So, the highlight of my life most recently has been receiving a bulky letter in the mail from two of my favorite girls. Alina and Yuliya are best friends. I'm really glad they have each other. They told me they are in their last year in school (they are 16) and that they want to go to trade school. I know that Yuliya wants to cut hair and already does so for her friends. They love to dance, sing, sew, and draw. They also love popular American music and movies. That seems to be a similar thread throughout the country in general. They both told me they love me very much (but, of course.) and that they think I am very fun and interesting. (Val and Heather had a hard time deciphering the word. "spunky" was another translation. ) They begged me to come to camp again next year. Little do they know; I'm going in January!!! :) I just wish there were a way I could tell them easily. I'm in the process of Val translating me another letter (poor Val--some days, he probably wishes he didn't know Russian) that will hopefully reach them in time. It will be very difficult for me if they have family they go see for the holidays and are not there when I am in their very city and orphanage. But, I should be thankful (in that situation) that they have family to see! There are several other kids I would absolutely love to see, though, so no matter what, it will be worth the trip. I am very thankful for the support I have raised and for the people who are so generous and who truly care about this portion of my life. Words can't express how I feel when I open a hand-addressed envelope to find support and an encouraging letter offering prayer and wisdom!

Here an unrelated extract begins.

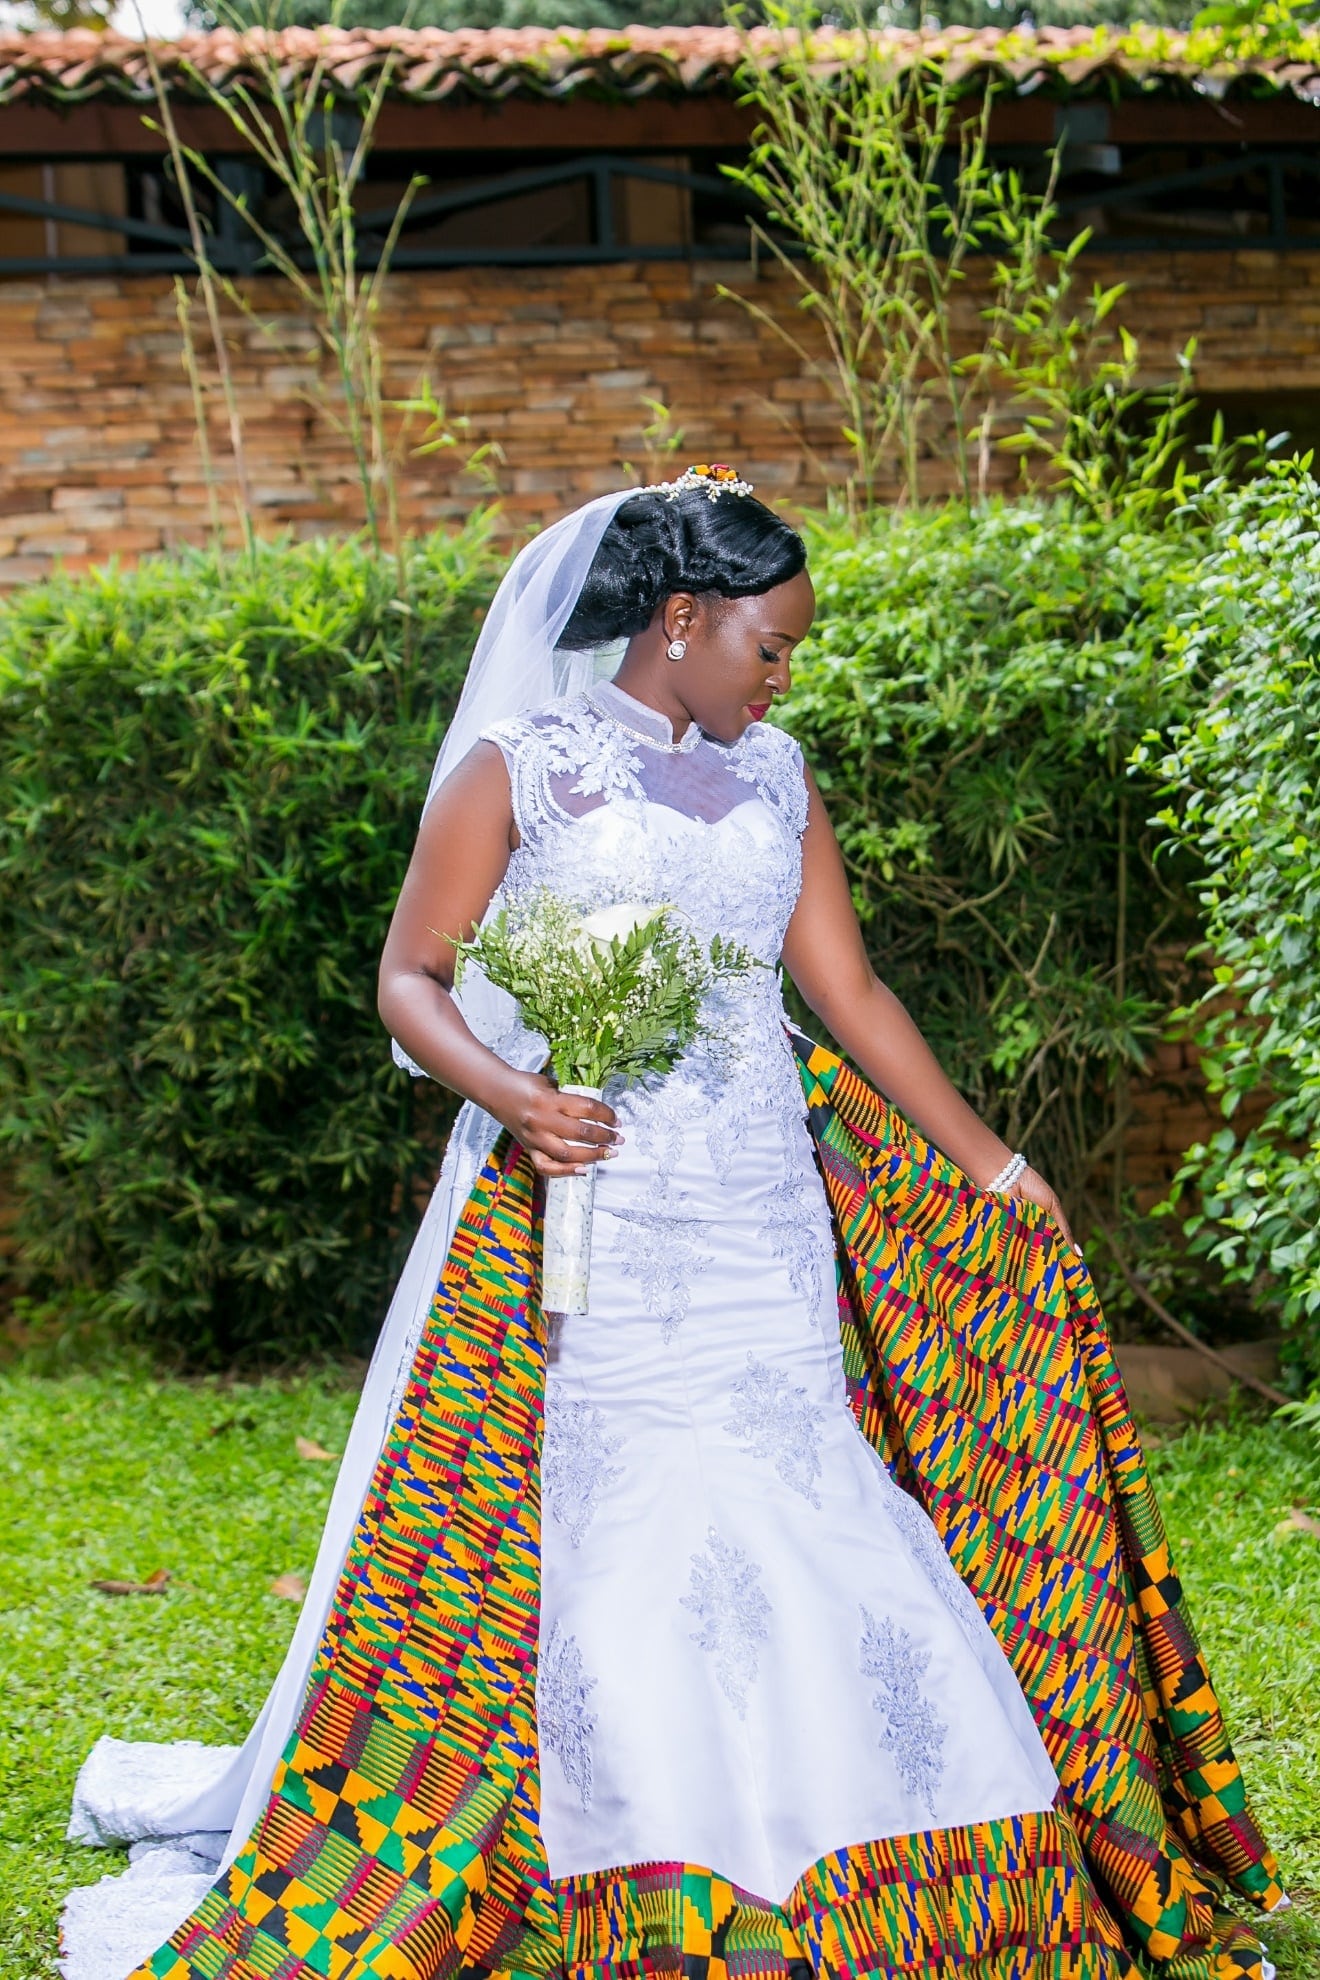 African themed wedding dress: Crystal shares her story
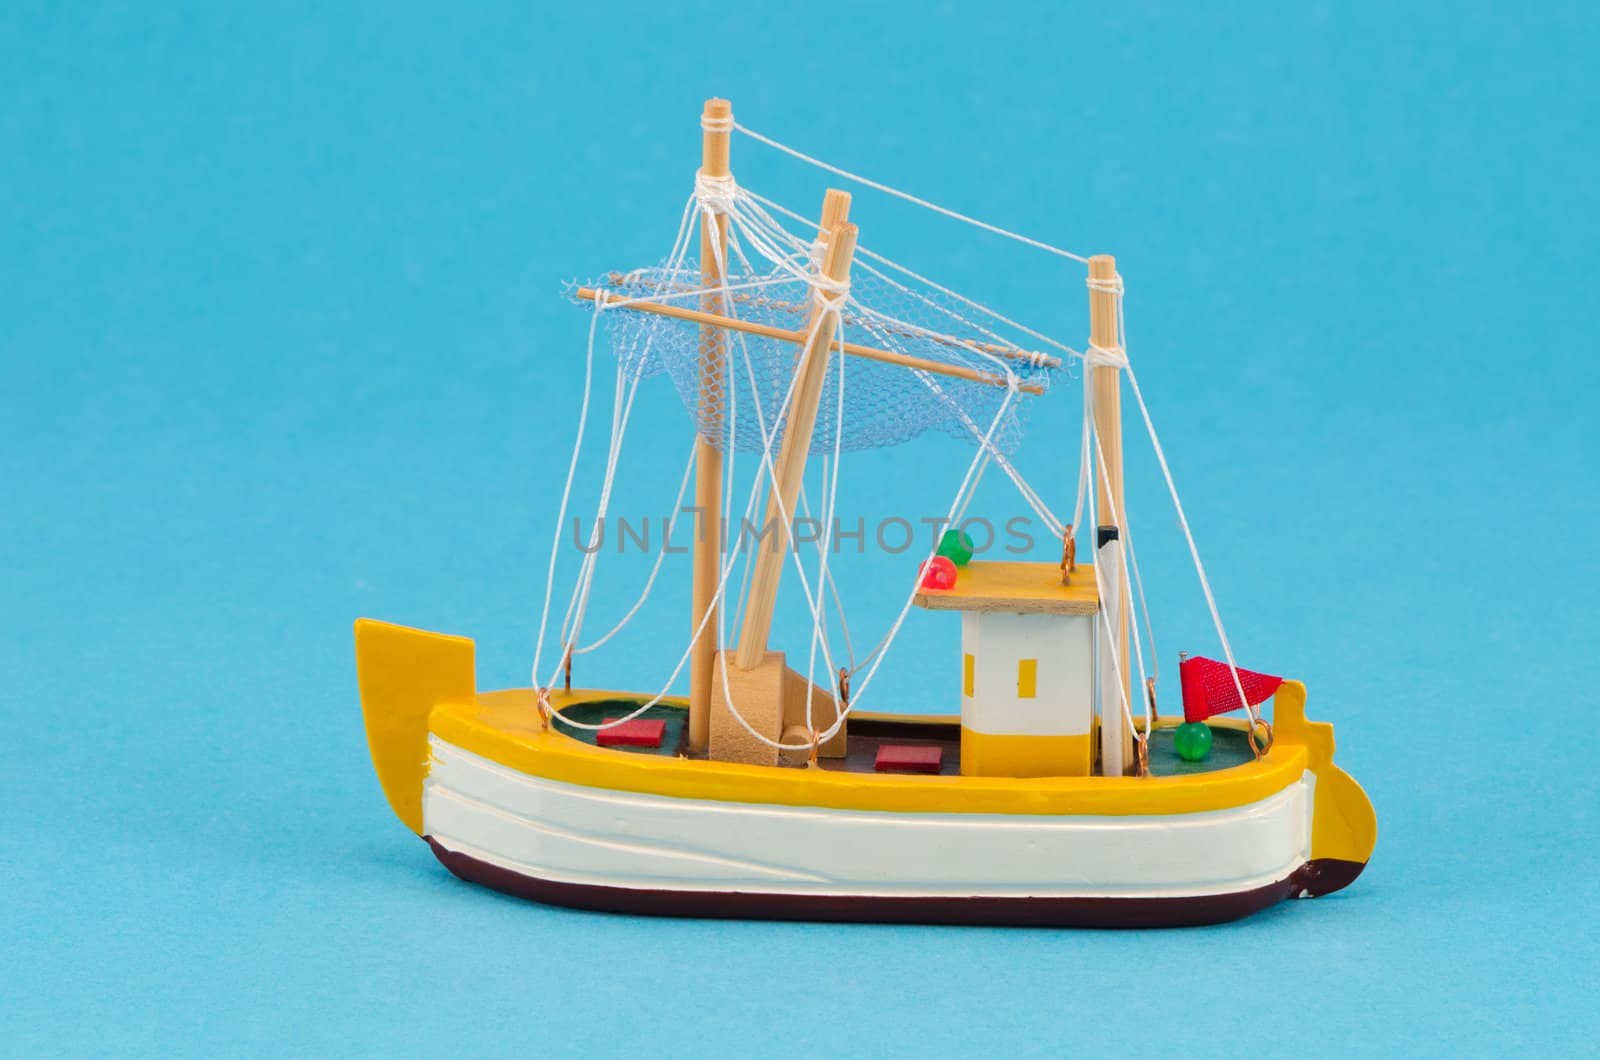 wooden handmade object boat ship with sail model decoration on blue background.

On the other hand, as many of you may know, I've been struggling vehemently against myself lately. I find myself being incredibly self-centered, cynical, participating in things I have convictions against, and have really fallen into a basic lack of motivation that happens when I start losing hope. Yeah, this is getting deep, so if you can't handle it, stop reading. I need people to pray for me. I need people to lift me up so that I can also be someone who lifts others up. I need to be restored (for the millionth time) in my mind. I hate myself when I am living out of a dark place in my mind. There are so many factors of this. I won't go into them because that's a little too complainy and whiney. Just please pray that I can be renewed in my mind and my heart. Because like this, I am of little use to anyone. Not even myself. Thank you, friends. Pray for our beloved Ukrainian kids, too. We are all getting pretty stoked for this trip!
Some days, I just long for heaven. I lay down to sleep and my mind creates photographic moments of utter innocence, beauty that never dies, and a complete lack of darkness and monotony. I've always admired flying creatures. It seems they can quite literally rise above all of this, spread their wings, and be in a better place by morning. I'm so very jealous.